In the context of this particular case, these general principles tell us two things: On the one hand, Congress plainly sought to curb the dissemination of false information by adopting procedures designed to decrease the risk. On the other hand, Robins cannot satisfy the demands of Article III by alleging a bare procedural violation. A violation of one of the FCRA's procedural requirements may result in no harm. For example, even if a consumer reporting agency fails to provide the required notice to a user of the agency's consumer information, that information regardless may be entirely accurate. In addition, not all inaccuracies cause harm or present any material risk of harm. An example that comes readily to mind is an incorrect zip code. It is difficult to imagine how the dissemination of an incorrect zip code, without more, could work any concrete harm.

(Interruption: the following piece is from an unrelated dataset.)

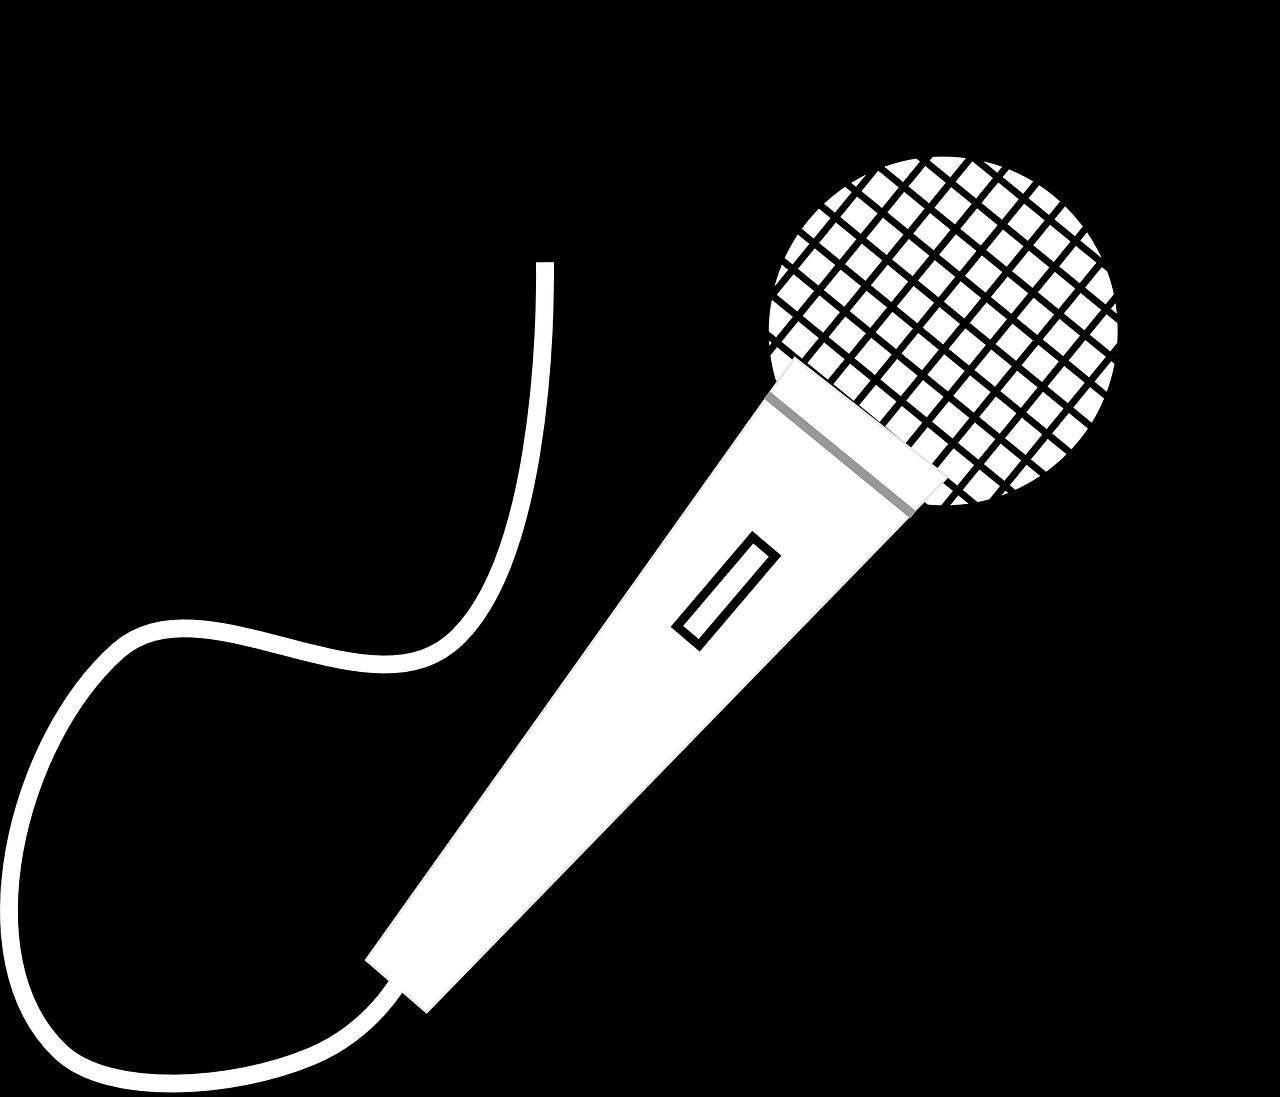 метро картинка контур микрофона знать

Justices Kennedy, Breyer, Roberts, Kagan and Thomas joined in the opinion with Justice Thomas writing separately to explain how the "injury in fact" requirement applies differently when public and private rights are at issue, stating that "the concrete-harm requirement does not apply as rigorously when a private plaintiff seeks to vindicate his own private rights," adding that a plaintiff seeking to vindicate a statutorily created private right need not allege actual harm beyond the invasion of that private right. A plaintiff seeking to vindicate a public right embodied in a federal statute, however, must demonstrate that the violation of that public right has caused him a concrete, individual harm distinct from the general population. Justices Ginsburg and Sotomayor dissented.